How BYOND used to handle characters
In the old days, all characters in BYOND were 8-bit and were defined by whatever locale your system used. This is often called "ANSI" encoding. If your characters used only code values from 1 to 127, then it could be called ASCII which is only 7-bit. ASCII is pretty much universal whereas ANSI used your locale to determine the value of characters 128 through 255.One happy consequence of this way of handling characters was that one character was basically always one byte, which made text very easy to work with in BYOND's built-in routines like copytext(), findtext(), etc.
UTF-8 encoding
Unicode characters can have code values anywhere from 1 to 0x10FFFF, which is a lot. Obviously you can't fit all that in one byte, so BYOND uses a form of encoding internally called UTF-8. Any characters beyond ASCII (1 to 127) are turned into multi-byte sequences like so:Characters 1-0x7F: 1 byte
0x80-0x7FF: 2 bytes
0x800-0xFFFF: 3 bytes
0x10000-0x10FFFF: 4 bytes
All of the text procs in BYOND still use byte positions when talking about the position of a character, rather than counting characters, so the 2nd character may not be at position 2 like it was in older BYOND; it may be anywhere from 2 to 5. The reason the text routines still use bytes is because using a byte position is much faster; having to count characters would slow everything down considerably.
What this means for your code
In places where you use findtext(), length(), and copytext() together, it's very unlikely there will be an issue at all. For instance, this code will be the same as it ever was:proc/SnipWordOnce(text, word)
. = text
var/i = findtext(text, word)
if(i)
. = copytext(text, 1, i) + copytext(text, i + length(word))
Because findtext() produces a byte index and length() returns a length in bytes, you'll have no trouble using a byte index in copytext() no matter what the actual text is.
There are however some situations that may not be as easy, like if you're trying to count one character at a time:
// This works fine in BYOND 512 but breaks for non-ASCII in 513+
proc/AnimateMaptext(object, text)
var/i, len=length(text)
for(i=2, i<=len, ++i)
object.maptext = copytext(text, 1, i)
sleep(1)
To handle these special cases, BYOND has introduced _char versions of most of the text procs, like findtext_char() and copytext_char(). Here is one way you could, but shouldn't, update the previous code:
// This works in 513+ but performance sucks for long strings
proc/AnimateMaptext(object, text)
var/i, len=length_char(text)
for(i=2, i<=len, ++i)
object.maptext = copytext_char(text, 1, i)
sleep(1)
Counting characters is not necessarily a fast process, so for long text strings this would be cumbersome. Here's a better way:
// This is better (and will also work in 512!)

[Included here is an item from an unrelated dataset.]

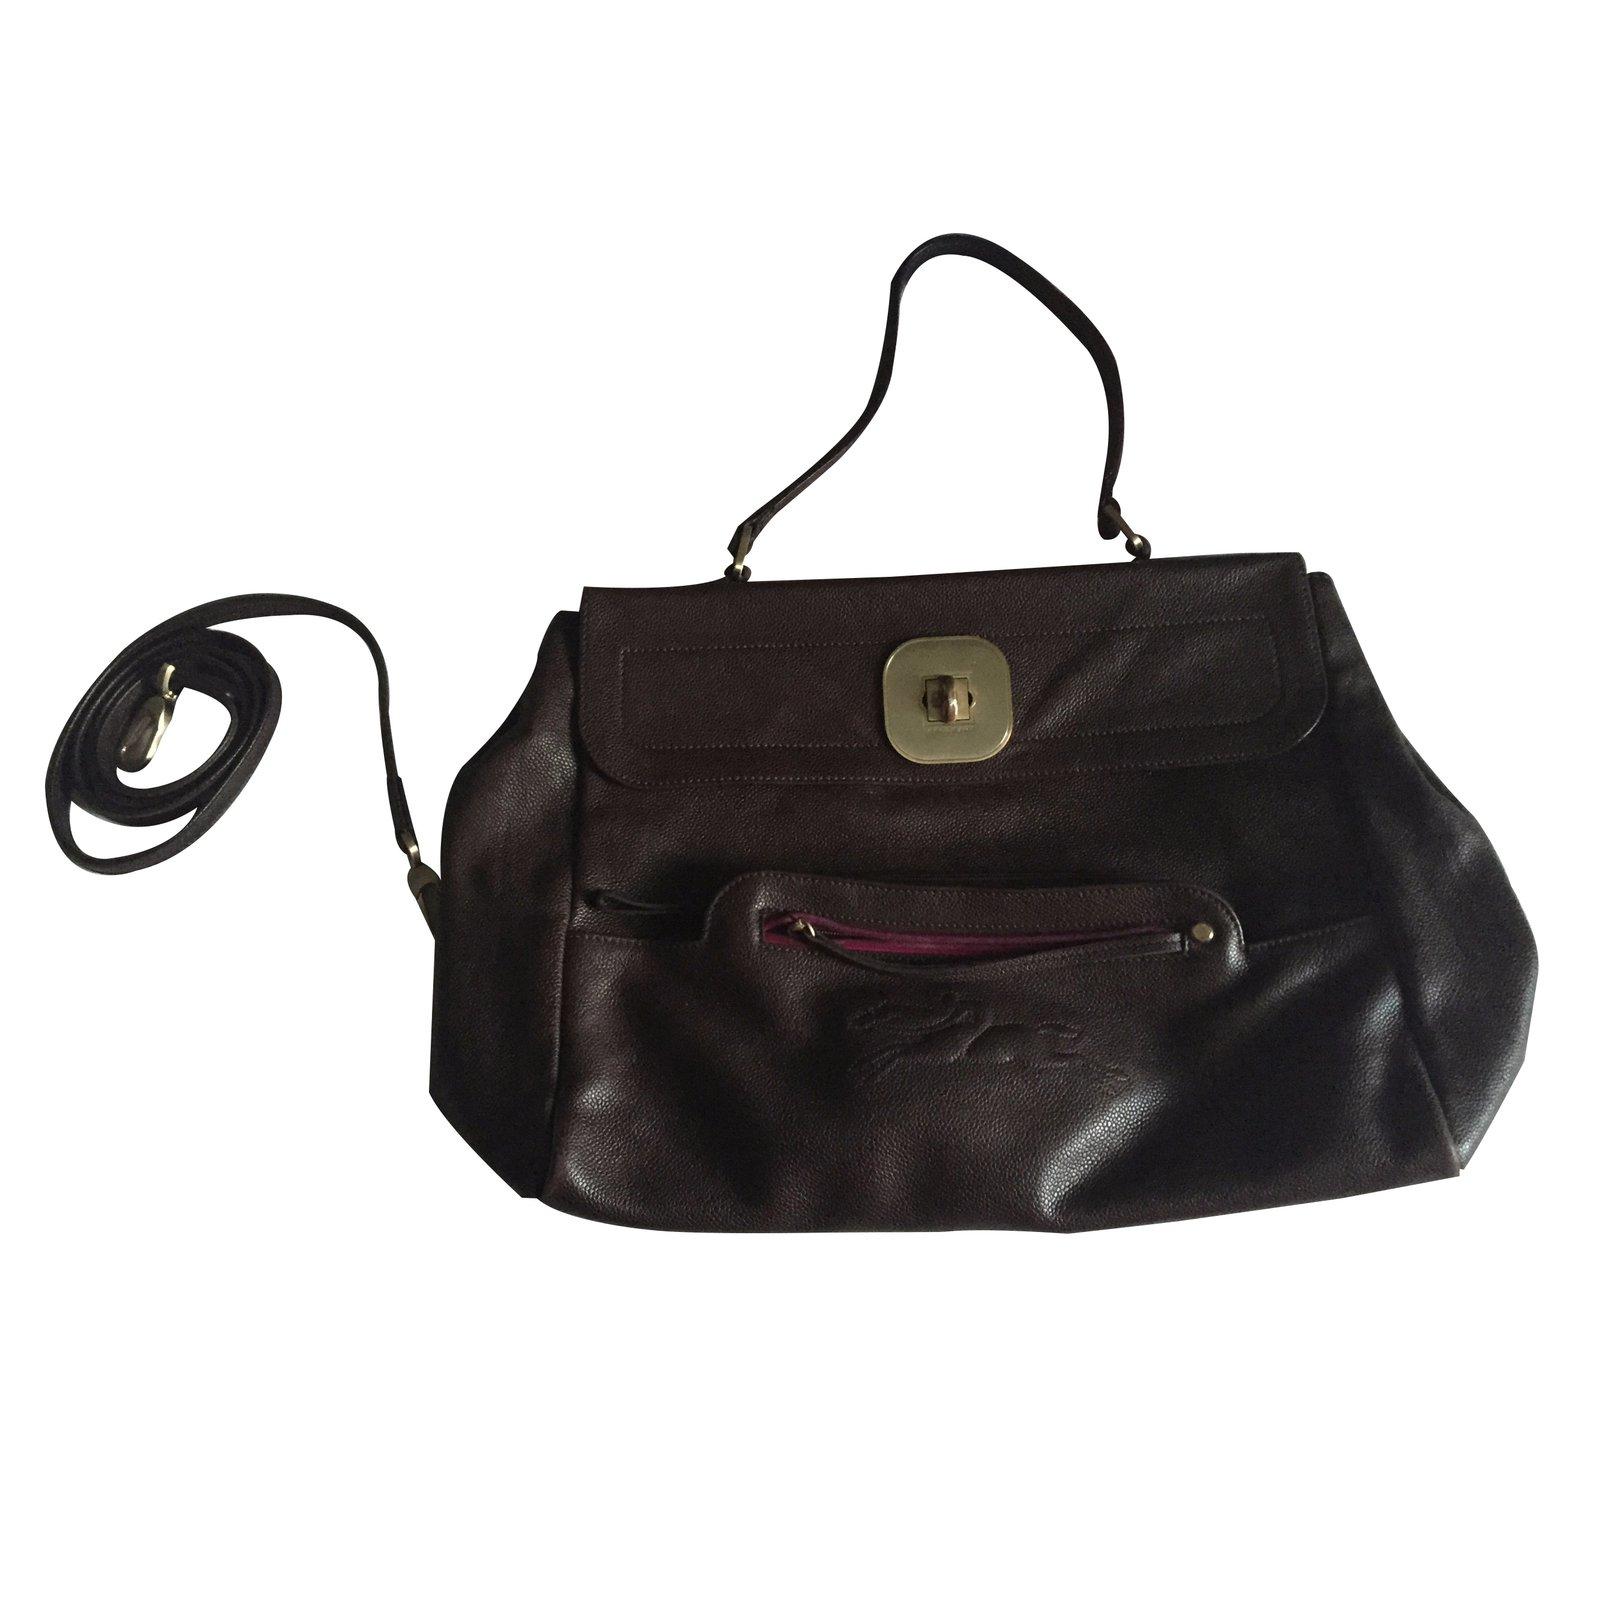 sac à main longchamp marron

proc/AnimateMaptext(object, text)
var/i, len=length(text)
var/ch
for(i=1, i<=len,)
// the read-only [] operator will grab the whole character at byte i
i += length(text[i])
object.maptext = copytext(text, 1, i)
sleep(1)
Quick tips
- Never assume one byte is one character anymore.
- Prefer the non-char versions of any text handling procs over the _char versions whenever possible.
- If you have to use something like length_char(text)-offset, use -offset alone instead, since most text procs allow negative indexes; this will be much faster.
- In your HTML interfaces for the browser element, add <meta charset="UTF-8"> so you get the right encoding.
Locale issues
513 and older versions will talk to each other as best they're able, but ultimately the goal is for everyone to upgrade. Therefore mixing 512 servers with 513 clients or vice-versa could introduce some problems. Chances are you'll want to upgrade both at the same time, so if your server now uses 513 you should require users to update as well.On older versions, because they're limited to 8-bit characters they're bound to whatever locale they're using. However, older versions do not send their locale info to 513 because, well, they weren't really prepared to do so. As a result 513 will up-convert based on the locale it's running on, not the sender's locale. In practice that shouldn't be a huge problem; most Russian-dedicated SS13 servers for instance had all their players using a Russian locale.
Similarly, Dream Maker will up-convert old code files from ANSI to UTF-8 using its current locale, and will compile any converted strings as UTF-8.
Other notes
Strings in the DM language can now use three new escape sequences if you want to use a special character:\xNN
\uNNNN
\UNNNNNN
The Ns represent hexadecimal digits, so \x can create characters from 1 to 255; \u can do up to 0xFFFF; and \U can do any character supported by Unicode. You must use the exact right number of digits with the escape sequence, so you may need to pad with zeroes. For instance the bacon emoji 0x1F953 should be written as \U01F953.